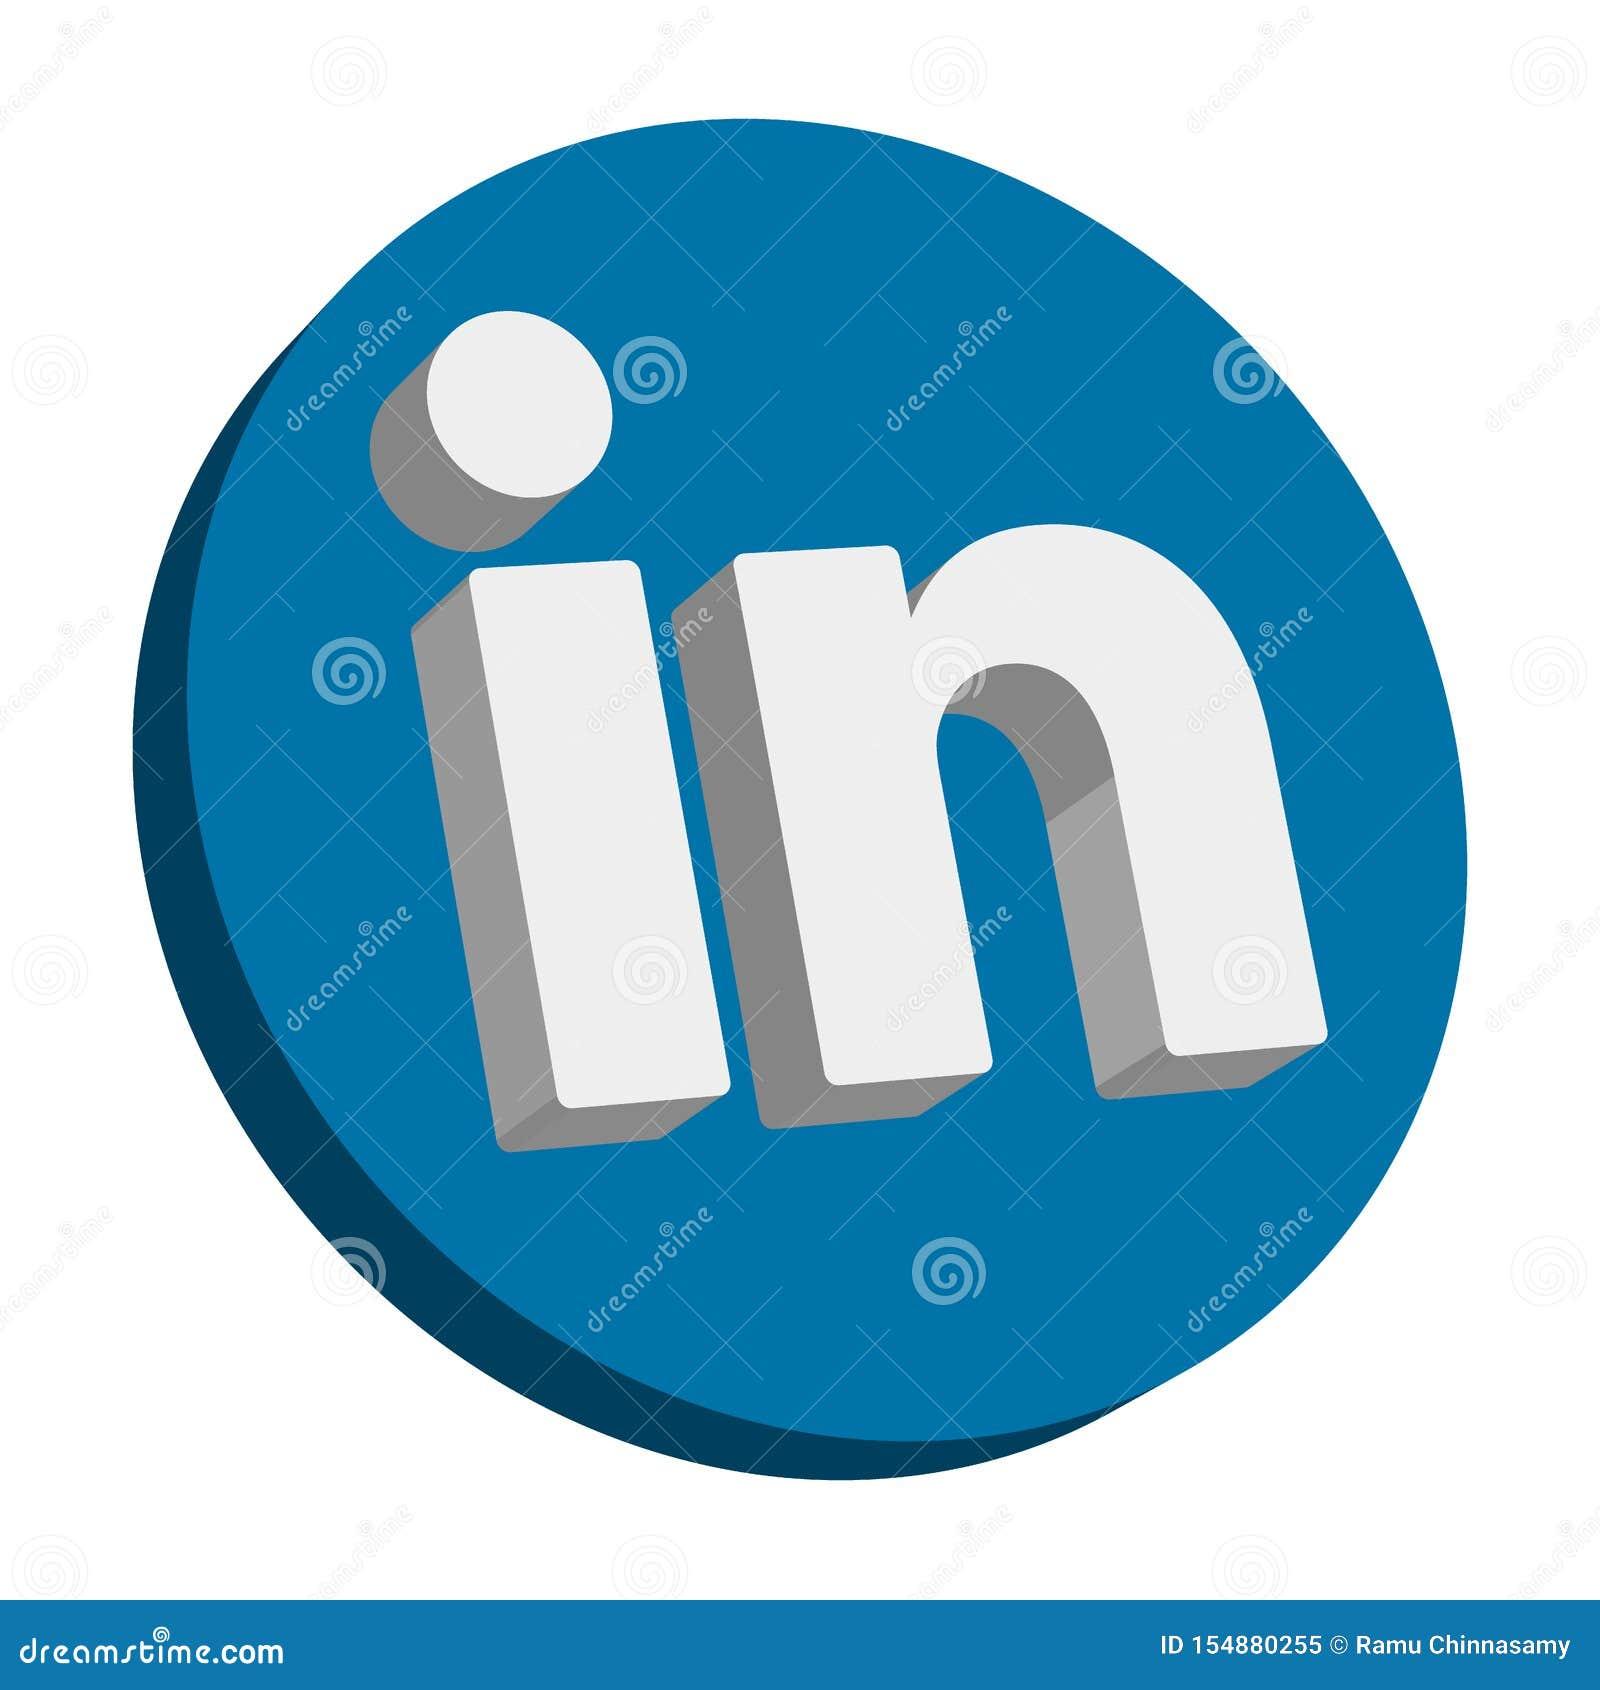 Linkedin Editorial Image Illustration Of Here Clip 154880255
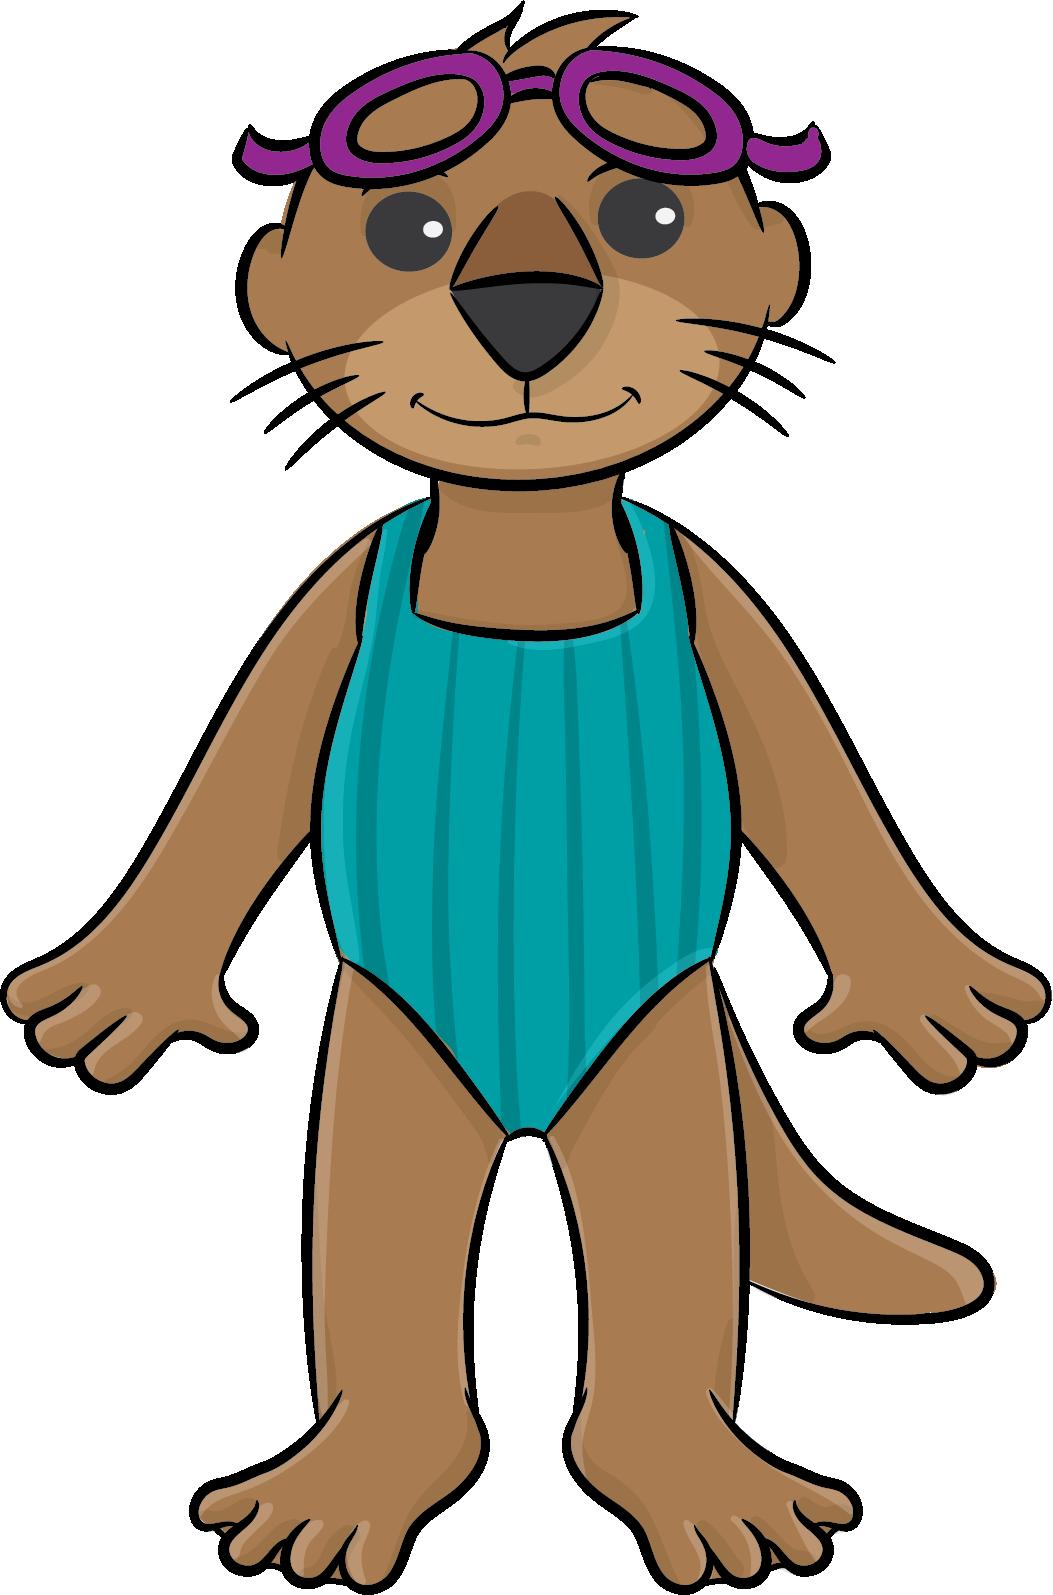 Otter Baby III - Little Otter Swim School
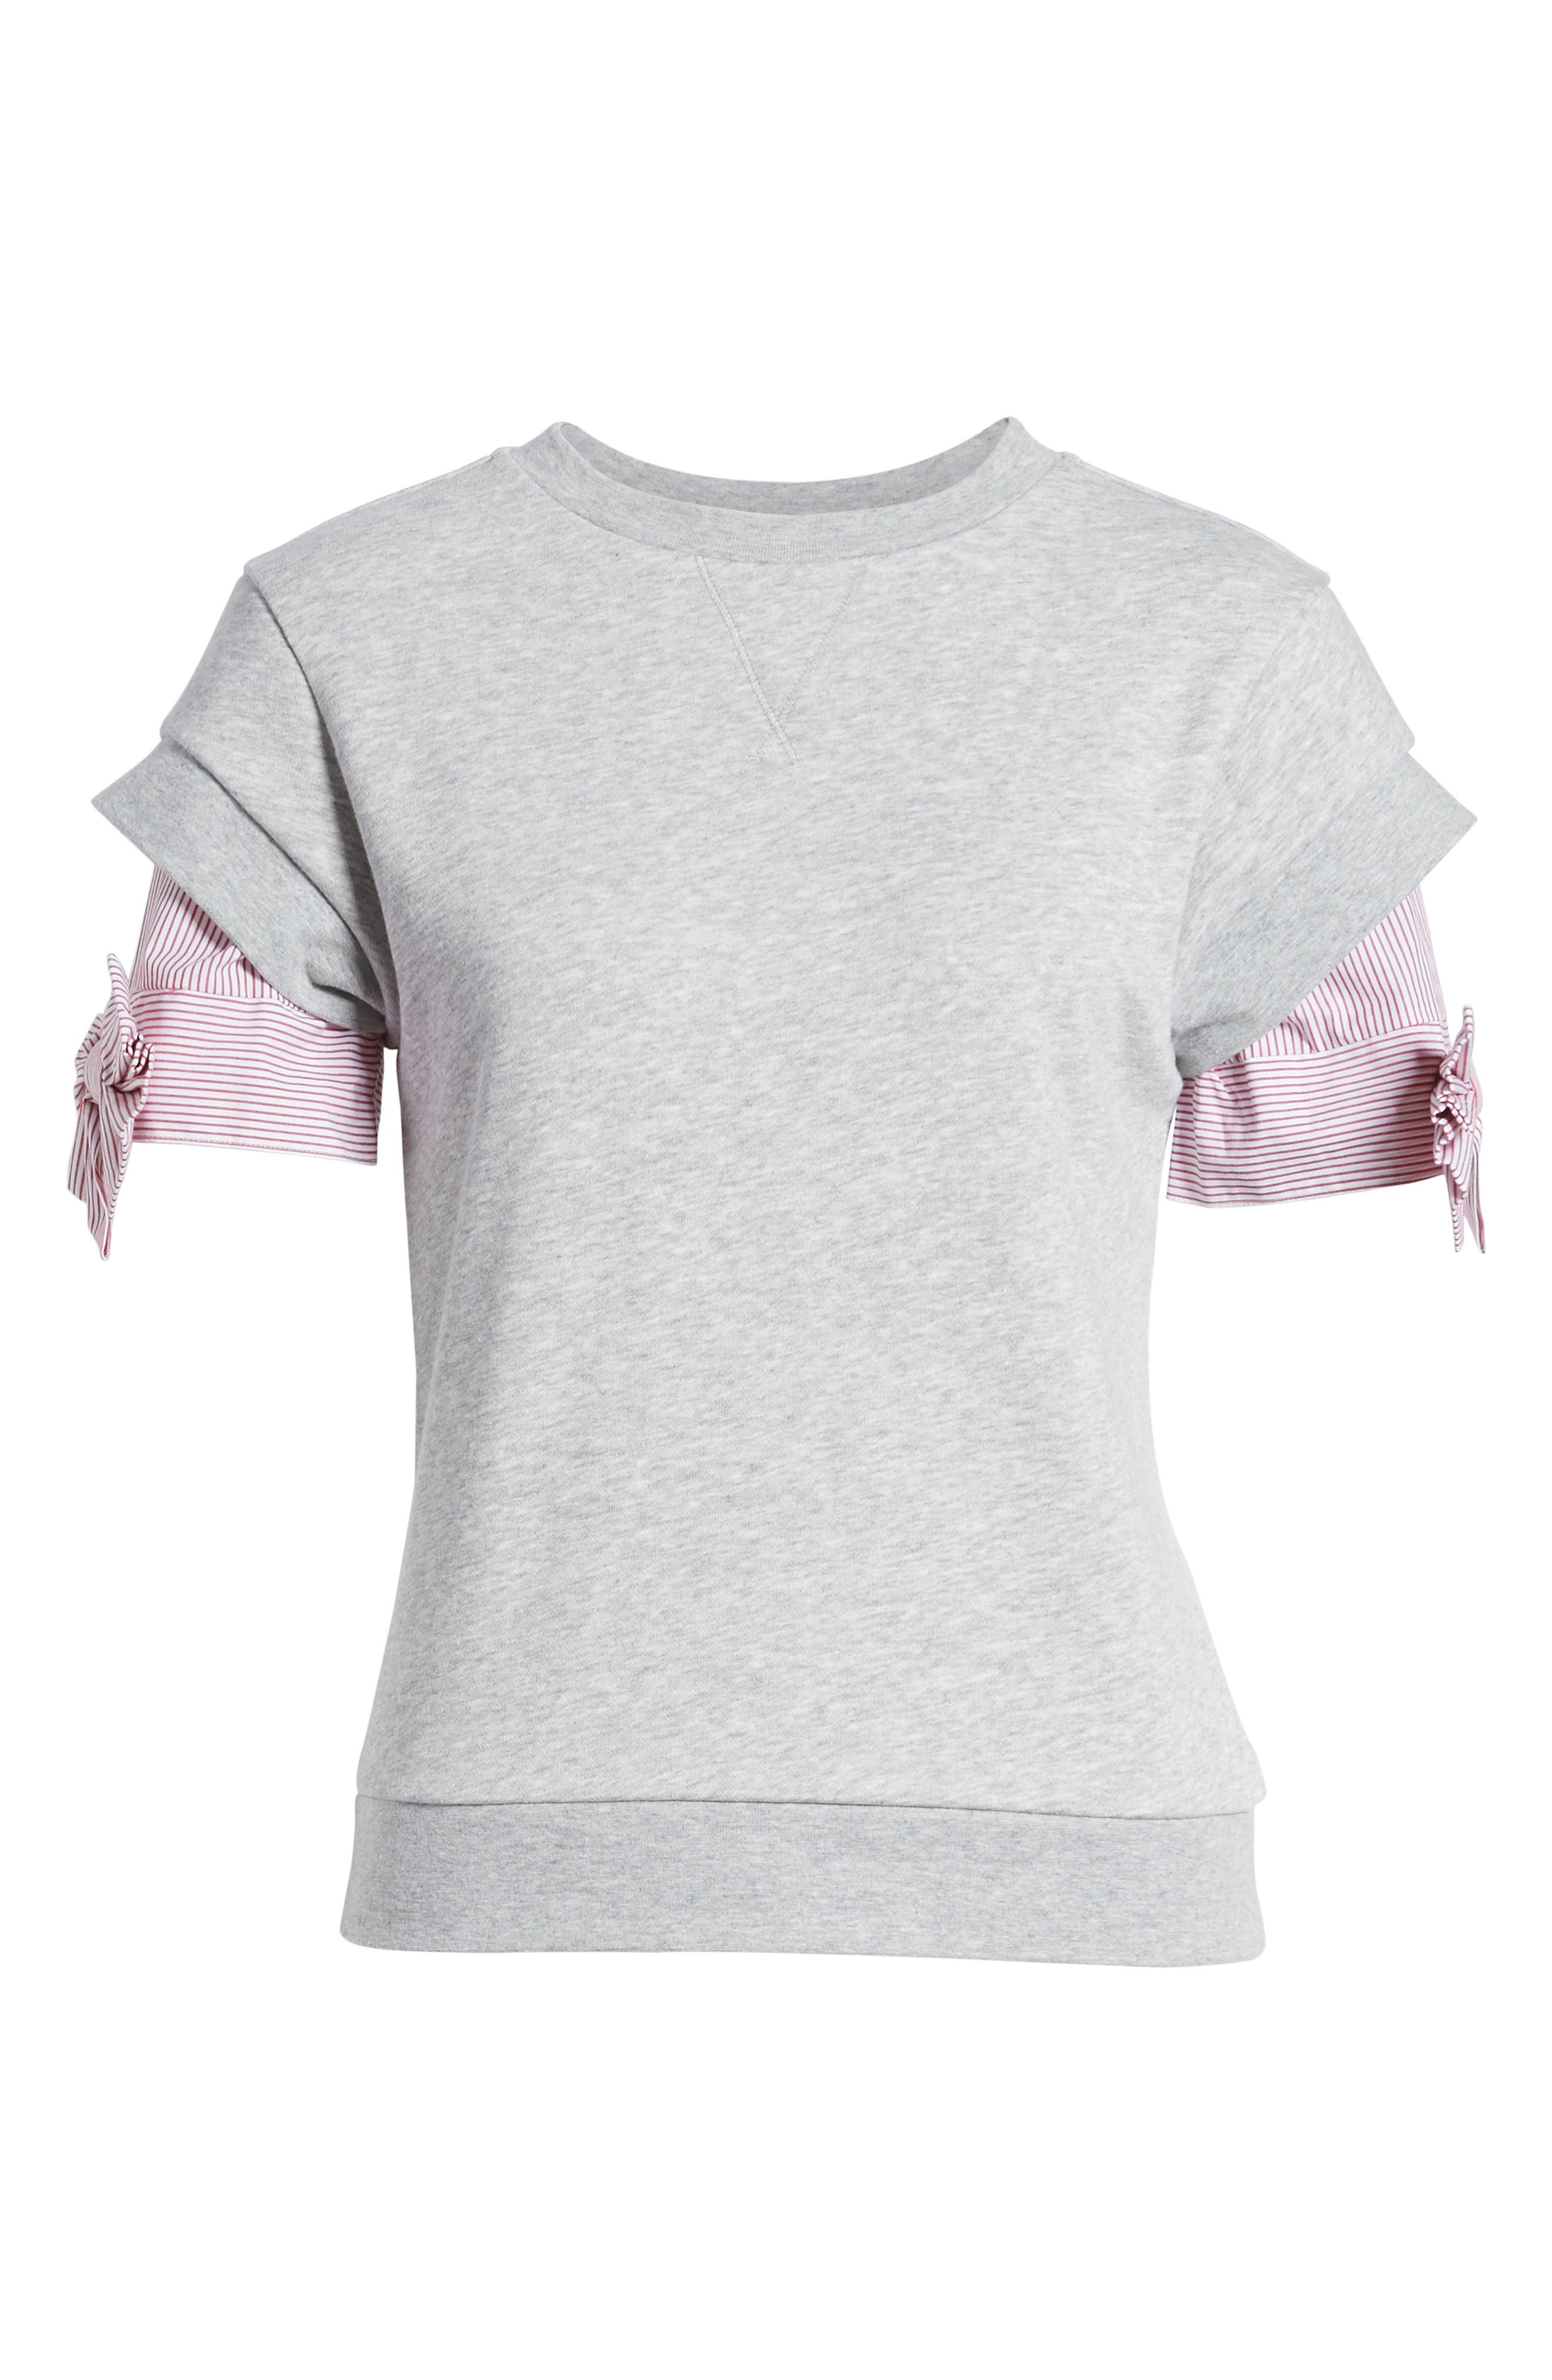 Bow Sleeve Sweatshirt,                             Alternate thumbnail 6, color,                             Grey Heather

§ **Task directions**: Without any of its images, the data above should be returned exactly.

§ **Answer to the problem**:
 Linkedin Editorial Image Illustration Of Here Clip 154880255
 Otter Baby III - Little Otter Swim School
 Bow Sleeve Sweatshirt,                             Alternate thumbnail 6, color,                             Grey Heather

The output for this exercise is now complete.